To get computers in the homes of all 188,000 public school students for better teacher-parent communication. No deadline on this. Today only about one-eighth of students have computers in their homes. Many teachers still don't have have computers in their classrooms.
Will this lead to more challenges for our students and better educational results?
Absolutely, says Diana Kaapana-Oshiro, assistant superintendent in charge of the Department of Education's Office of Information and Telecommunications.
No high-tech person herself, she was yanked out of her principalship at Waiau Elementary School and into her present job by Herman Aizawa when he became state superintendent in 1994. He knew her as the kind of "can do" person he wanted.

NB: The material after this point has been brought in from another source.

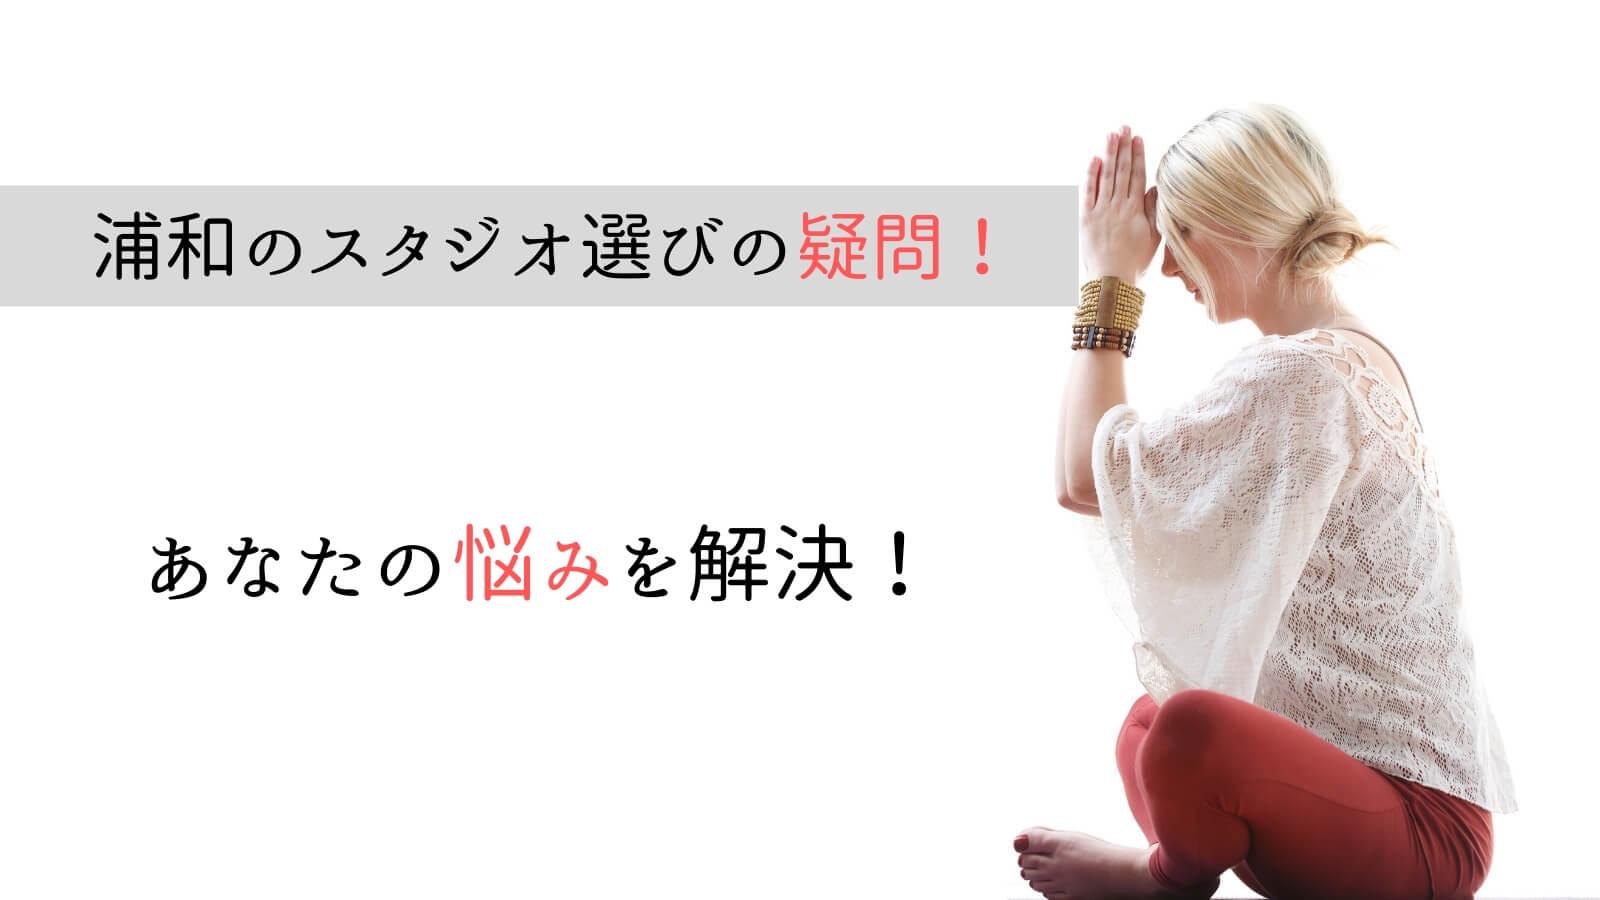 浦和でのヨガ・ホットヨガスタジオ選びに関するQ&A

He must be right because when I wrote a complimentary article on computers in our schools and didn't mention her I was roundly rebuked by letter writers and Aizawa. He said the story was fine except for the big omission of Kaapana-Oshiro, now being corrected.
She says we already have evidence that being on the Net can "turn on" students. Some with F grades have moved up to Bs. It also can bring more parents into the act, a major goal.

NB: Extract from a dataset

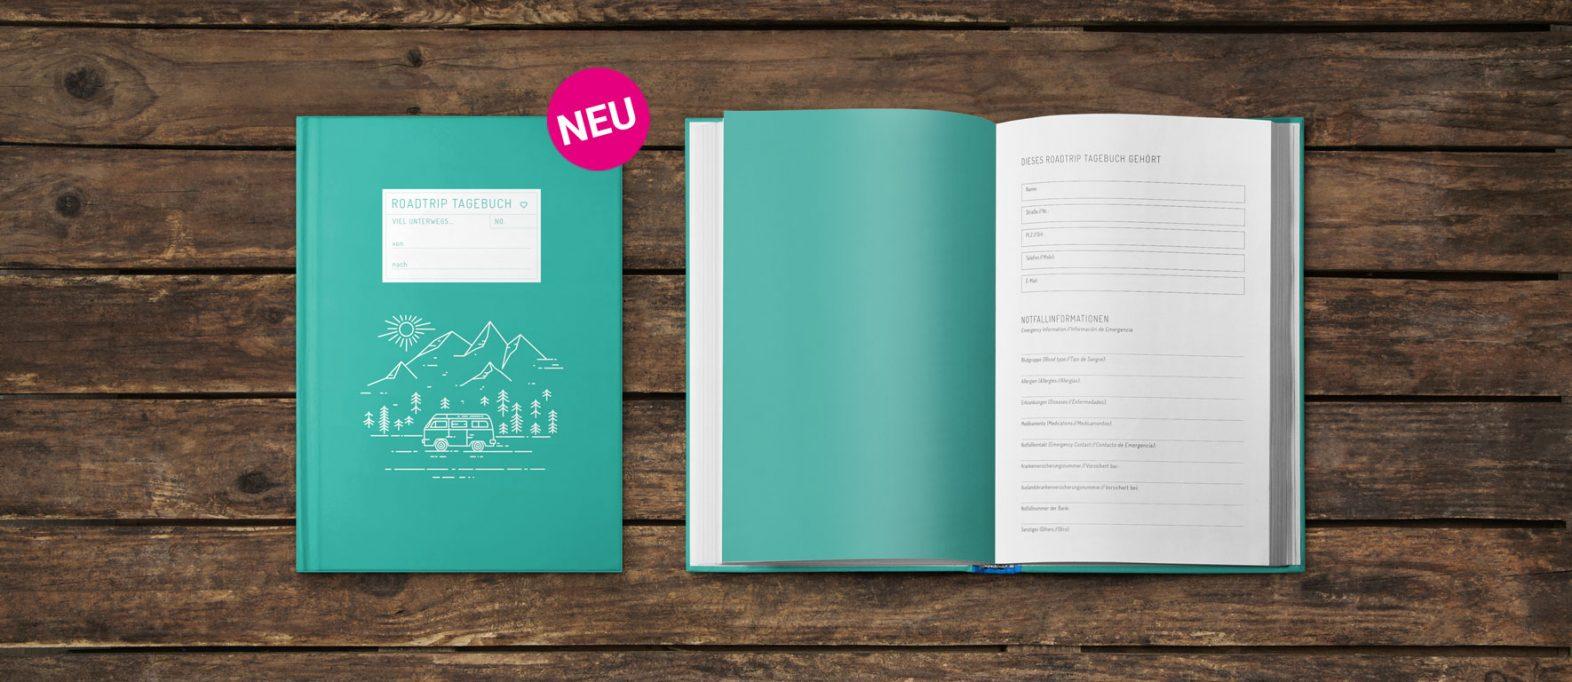 Reisetagebuch schreiben: Tipps zum gestalten, schreiben und kaufen

It also allows gifted students to break out of classroom routines that may not challenge them enough and take advanced courses, even for college credits. Subjects include Shakespeare, U.S. history, computer science, geometry and global history.
One group of students carried out a critique of Hamlet by exchanging views with students in Orlando, Fla. Inappropriate, non-educational uses of the Net are discouraged. Students are told to Net cruise somewhere else.
Kaapana-Oshiro's office also is working out interactions with Oceanic Channel 56 on Oahu, one of Olelo's education channels.
THE ability to communicate on the Net hones writing skills since one of the best ways to learn to write is to write. On the school distance learning TV net, some rather reticent youngsters have turned into "real Joe Moores." That's a reference to our leading TV news anchor, in case it needs explaining.
Kaapana-Oshiro's office gets less than 1 percent of the DOE budget ($3.5 million this year) but has been helped by federal grant money and invaluable service from literally thousands of volunteers ranging from students and teachers through local businessmen. A small staff of technicians hooks up the schools and acquaints both school people and the community with their new potential.
I think I know why Aizawa told me he gave Kaapana-Oshiro an office just down the hall from his so he can keep an eye on her. She tends not to let bureaucratic rules impede her. "We don't ask permission," she told me. "We ask forgiveness later."